How do you move a large mirror by yourself?

Very carefully! When moving a large mirror by yourself, always use the same technique for moving any other object. Make sure to lay down some padding so that there is no risk of the mirror being scratched. If possible, put something over the mirror and loosely arrange it close to its original position (a sheet or blanket should do). Use sheets and blankets to fold and tie together until you’ve created a pocket that will help you safely carry it while not putting pressure on the surface. Be sure not to be too tight or too loose with your folds; tight means that there’s no play in your grip, while loose means there’s a more gripping room which can lead to potential slips.

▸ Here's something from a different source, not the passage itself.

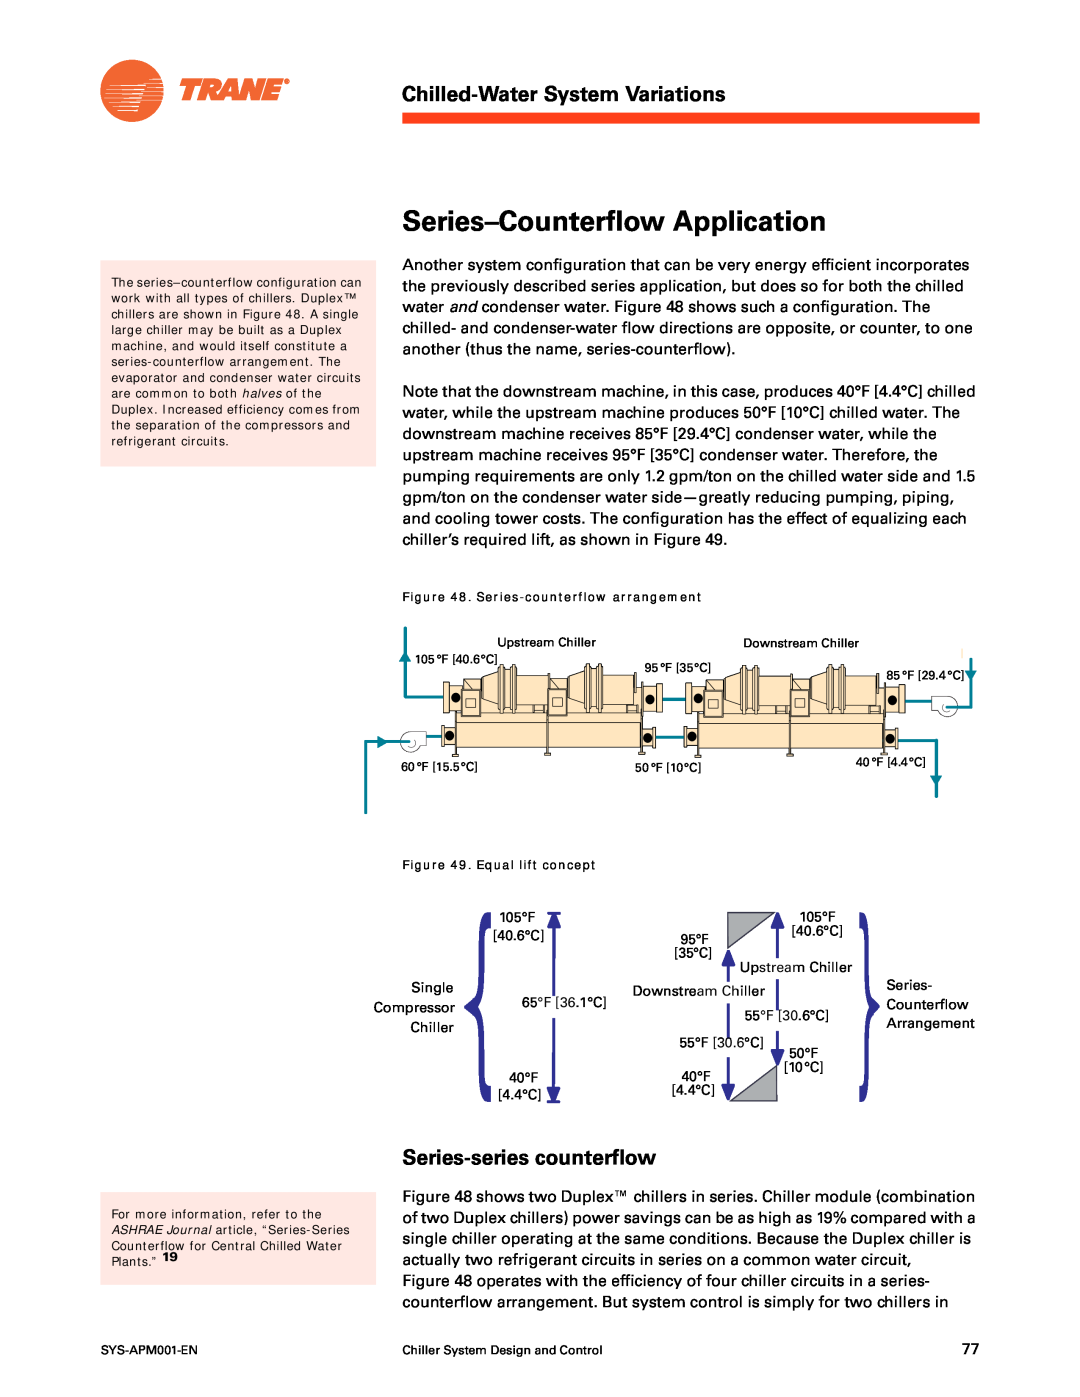 Trane SYS-APM001-EN manual Series-Counterflow Application, Series-series counterflow, Chilled-Water System Variations 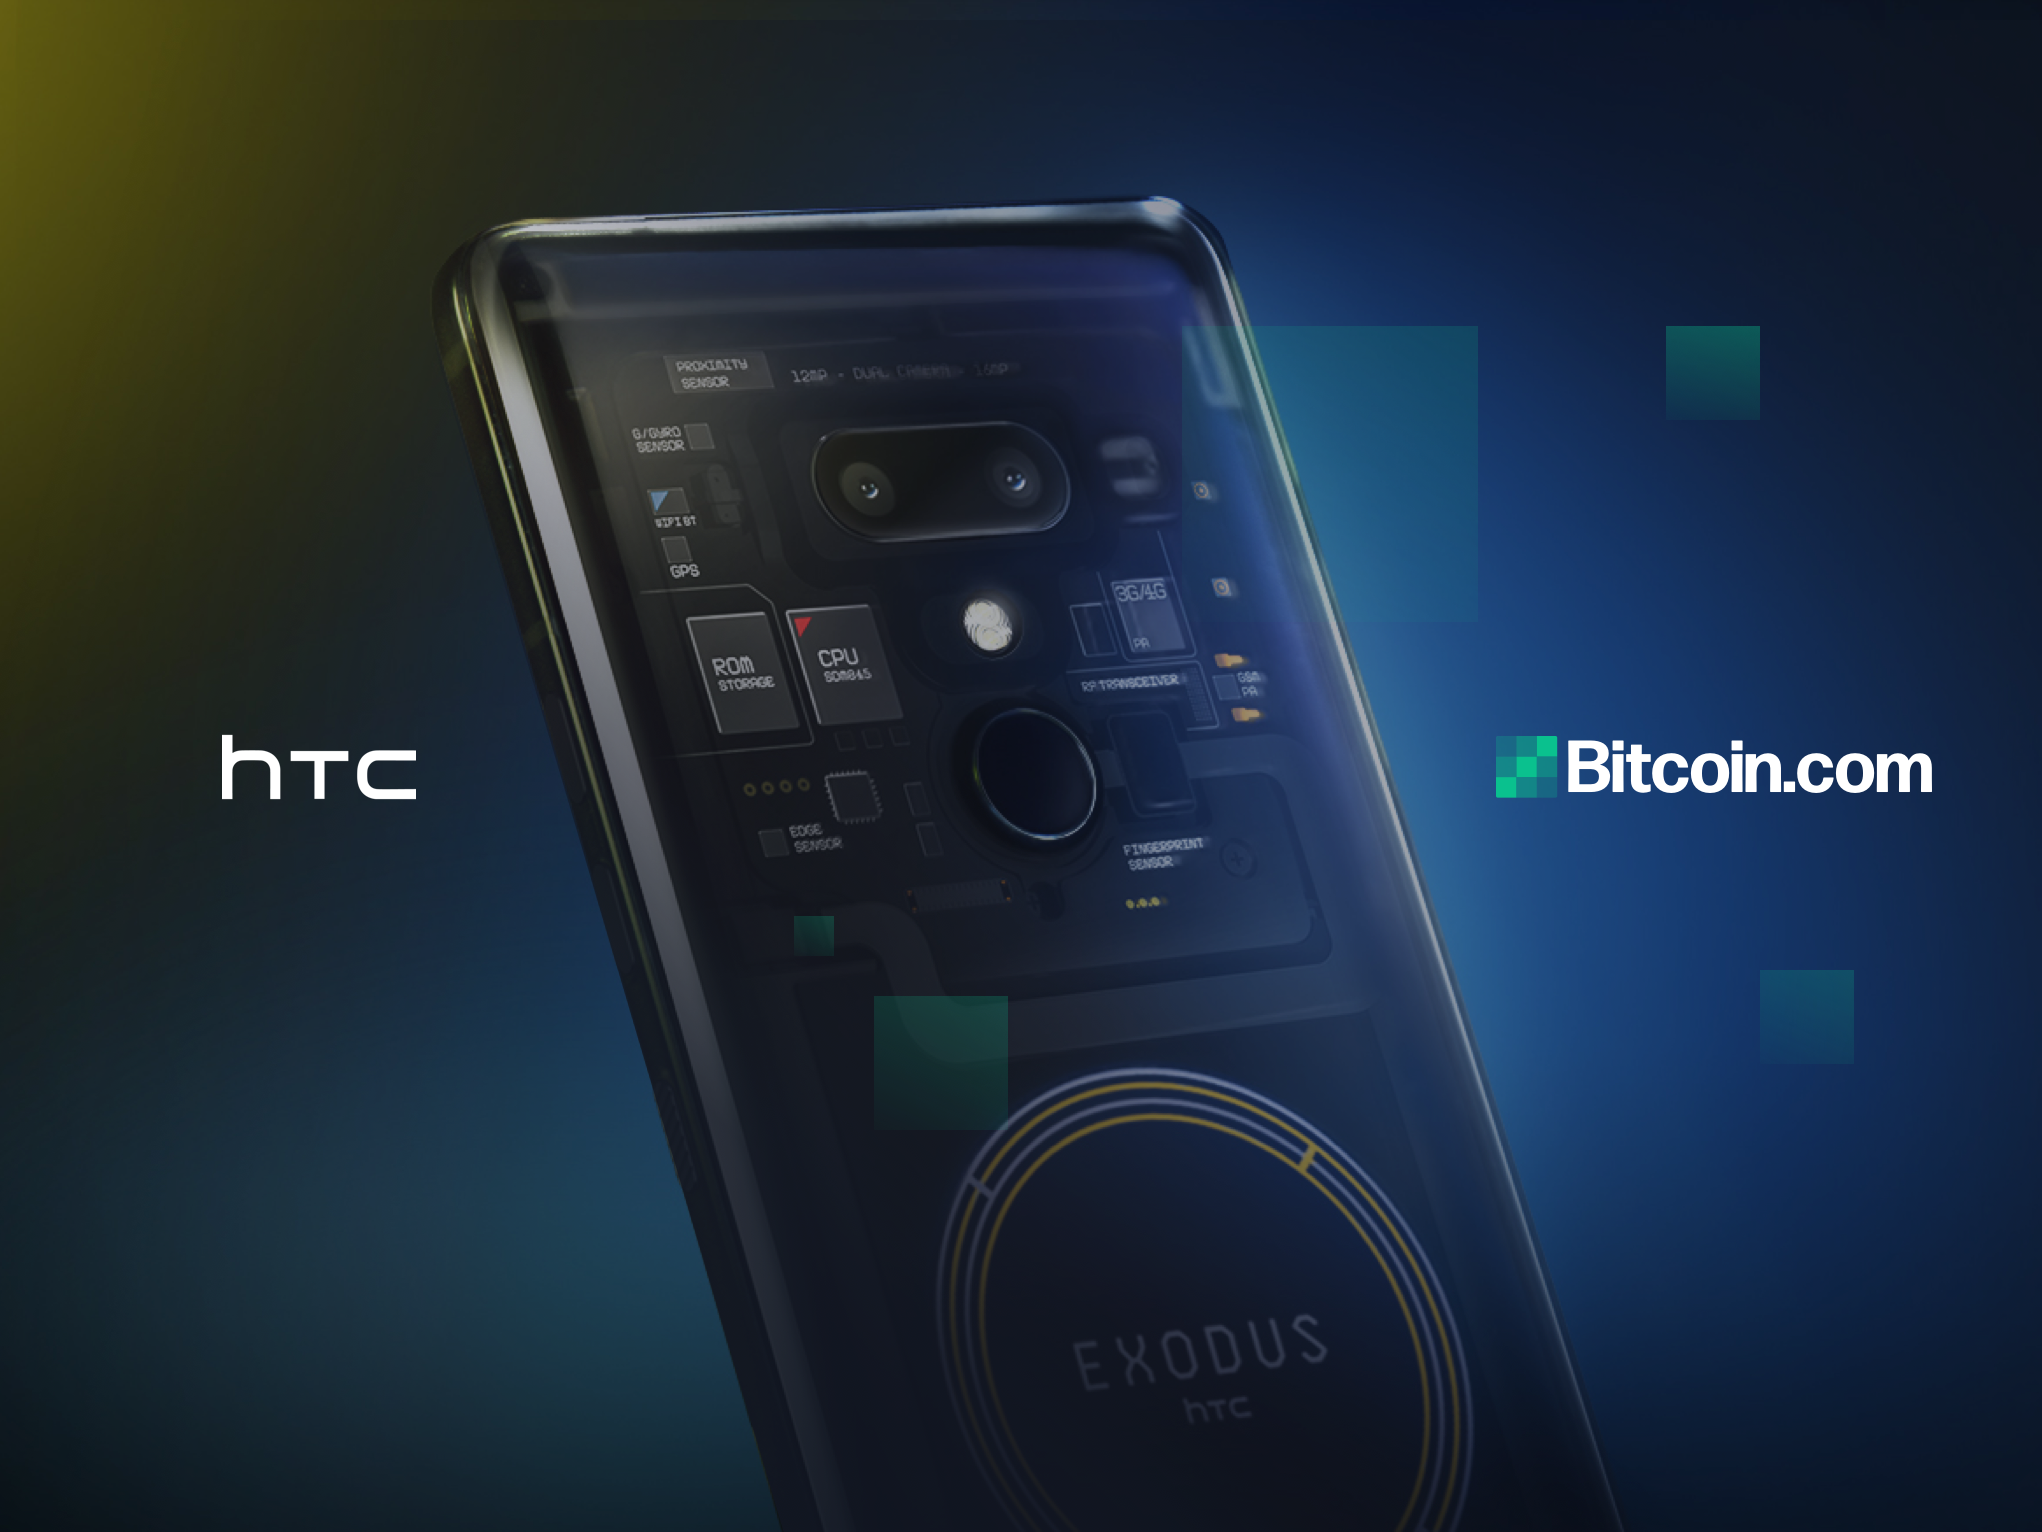 PR: Bitcoin.com Announces Partnership With Telecommunications Manufacturer HTC

What is the best way to transport a large mirror?

Heavy mirrors usually weigh around 10 lbs for every square foot, making a 36-inch by 48-inch. The best way to transport a heavy object is horizontally in the back of your vehicle on a strong, flat surface with straps installed. Straps go from the front to the back and from left to right, fastening tightly across the entire length and width of your cargo area so that there are no gaps in coverage. This prevents lateral movement when driving over bumps or through potholes that can cause damage during transit or even release objects onto passing cars!